Tailscale and configuring additional Google Workspace two-factor authentication for SSH connections

Question

We are trialing Tailscale set-up for production server SSH connections. We are using Google Workspace as the identity provider for Tailscale.

Because production servers are more security critical than general data related to Google Workspaces, we'd like to ensure that any Tailscale session has a shorter session timeout and always be asked for two-factor authentication.

By default, Google Workspace asks two-factor authentication only once per browser, which is fine if you want to access Docs, email and such. It does not do additional two-factor authentication request after user has logged into the service in their browser.

• Can Tailscale and Google Workspace identity provider configured so that for Tailscale application / integration (whatever is the correct language), Google prompts two-factor authentication code every 24h minimum?

• Does Google Workspace support per-application security rules for login to make some applications more security critical?

• We also found out that Tailscale SSH, unlike e.g Cloudflare Zero, does not seem to work with google-authenticator PAM module which could be a workaround.

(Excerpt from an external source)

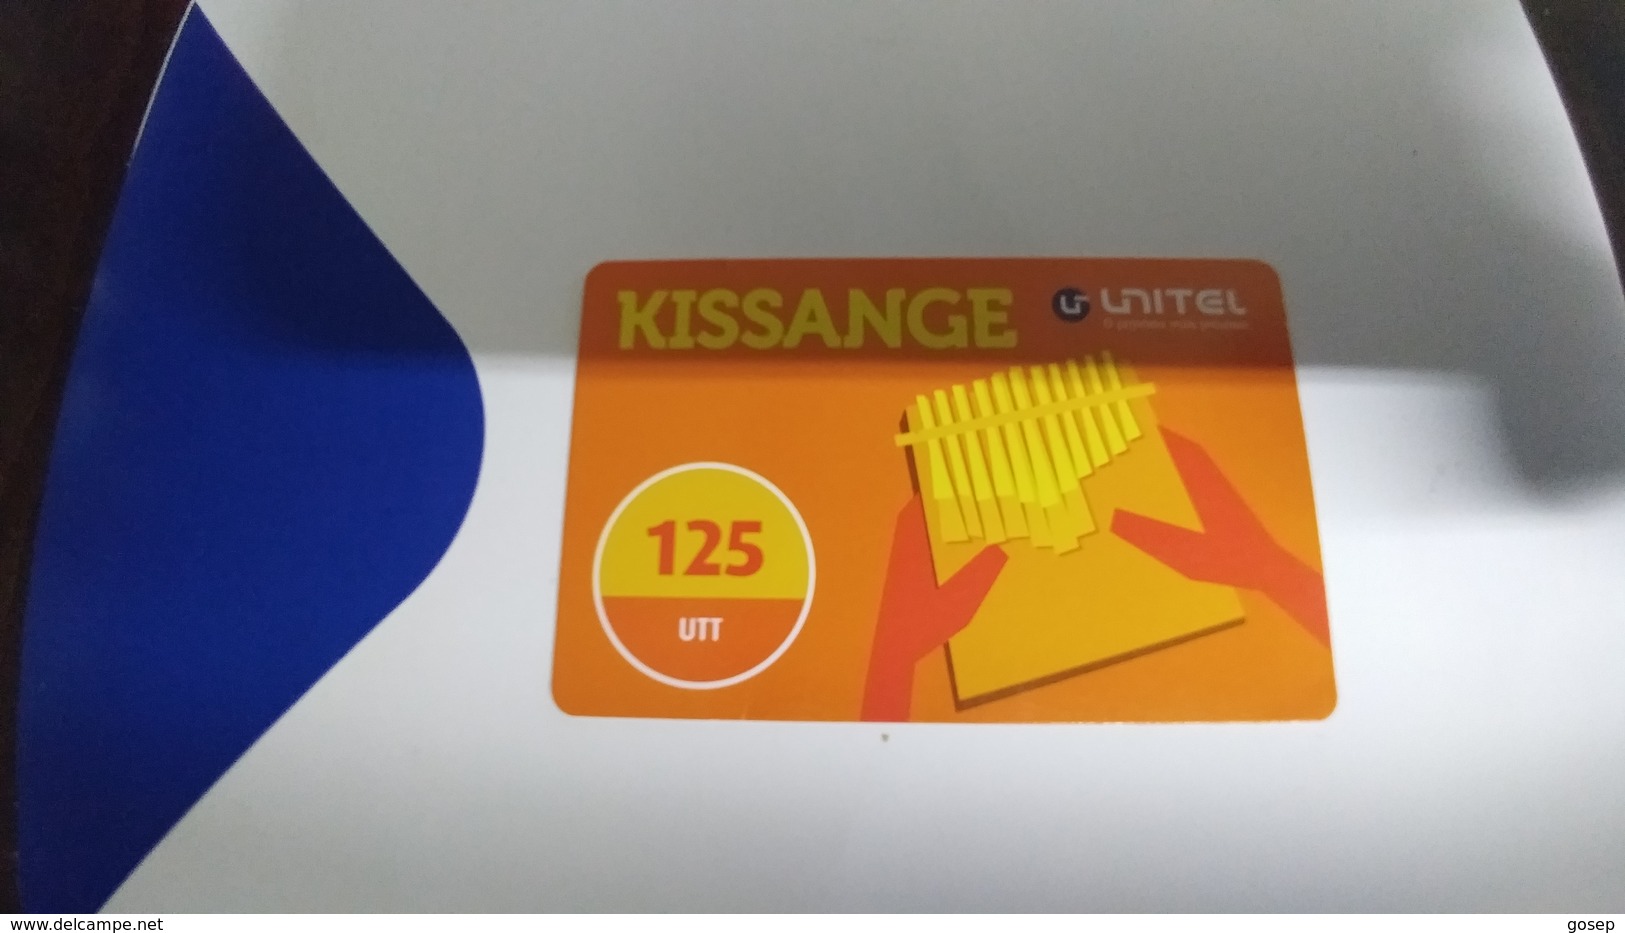 Angola-kissange-(26)-(125utt)-31.12.2016used+1card Prepiad Free - Angola
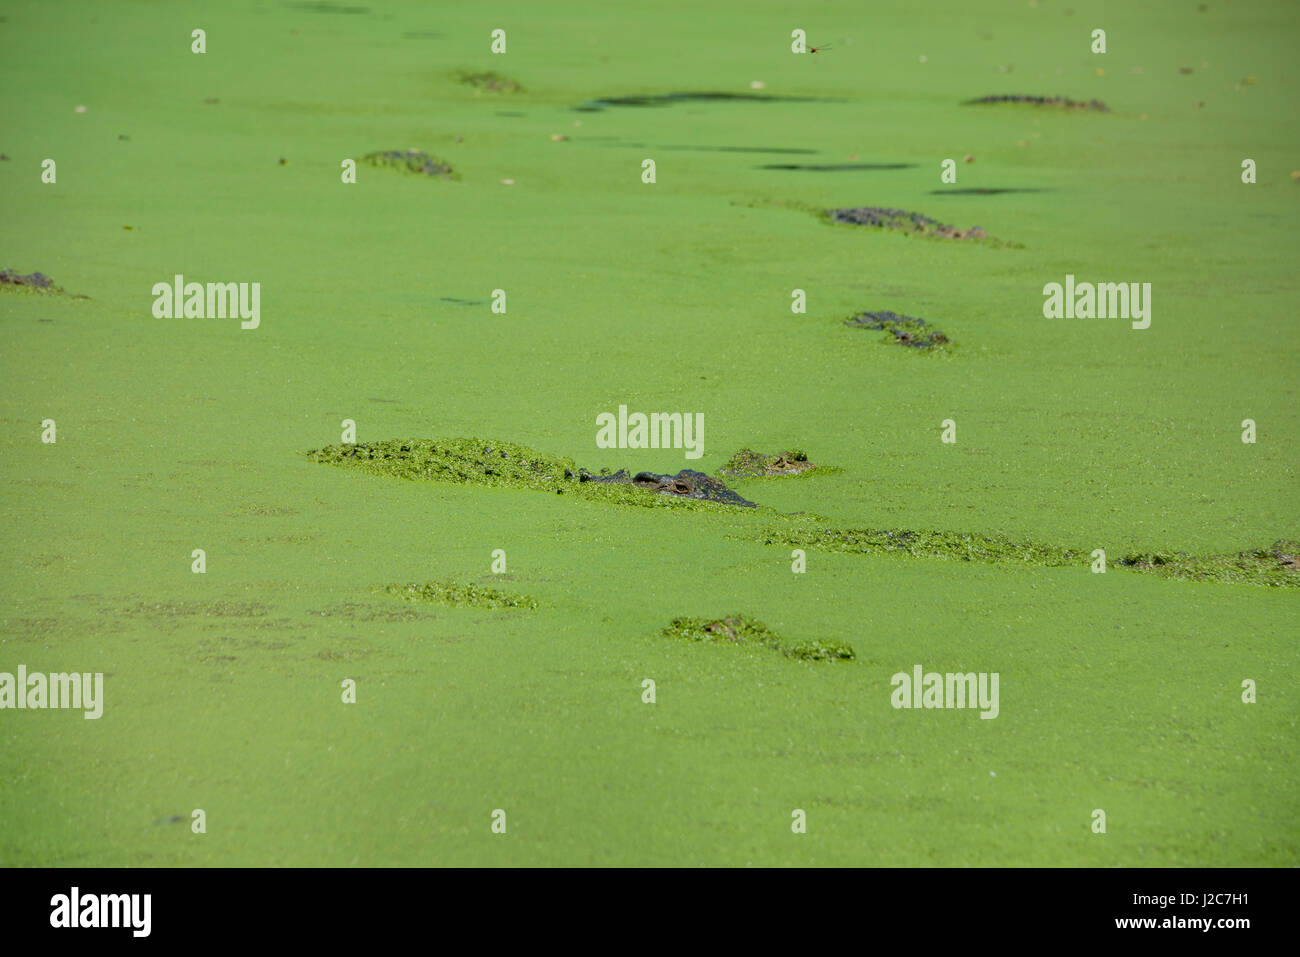 Western Australia, Broome. Malcolm Douglas Crocodile Park. Saltwater crocodiles (Crocodylus porosus) in duckweed covered pond (introduced species, Lemna minuta). (Large format sizes available) Stock Photo

Please correct me if I am wrong here.

Answer 1

One way to solve this is to use Passkey authentication (currently in beta mode for Tailscale).

• Passkey authentication can be performed on your paired mobile phone when using Google Chrome or a hardware device on Firefox (Yubikey)

• The added bonus is that Passkey is more secure than password as it is tied to a security enclave of a specific device and is phishing proof

• Passkey also does not you to require to open additional accounts on identity providers (Google, Okta, Microsoft, Apple)

• Passkey authentication correctly respects any session timeout you can configure for it, e.g. to avoid issues with stolen devices

Here is an example how to configure timeout:

{
    "acls": [
        // Allow all connections.
        {"action": "accept", "src": ["*"], "dst": ["*:*"]},
    ],
    "groups": {
        "group:operator": [
            "foo@passkey",
            "bar@passkey",
        ],
    },
    "tagOwners": {
        "tag:prod": ["group:operator"],
    },
    "ssh": [
        // The default SSH policy, which lets users SSH into devices they own.
        // Learn more at https://tailscale.com/kb/1193/tailscale-ssh/
        {
            "action":      "check",
            "src":         ["group:operator"],
            "dst":         ["tag:prod"],
            "users":       ["autogroup:nonroot"],
            // Force reauth every 24h
            "checkPeriod": "24h",
        },
    ],

Answer 2

A quick google search you can adjust the frequency of 2fa prompts in your Admin console.

https://support.google.com/a/answer/9176657?hl=en (Scroll down to frequency)

Workspace does not appear to support per-application rules, so I suppose you’ll just have to re-authenticate all the time. Tailscale seems to have an experimental PAM module here.

https://github.com/tailscale/pam

And because this uses your tailscale credentials you can use your Workspace account with it and setup authentication rules in your Admin console. However, this is a project that isn’t meant to be used in production settings yet. The page warns you about it being proof of concept, and how the security of the project is still unknown. Additionally, it’s in no way Google’s PAM module, and tailscale’s compatibility with that is completely unknown to me.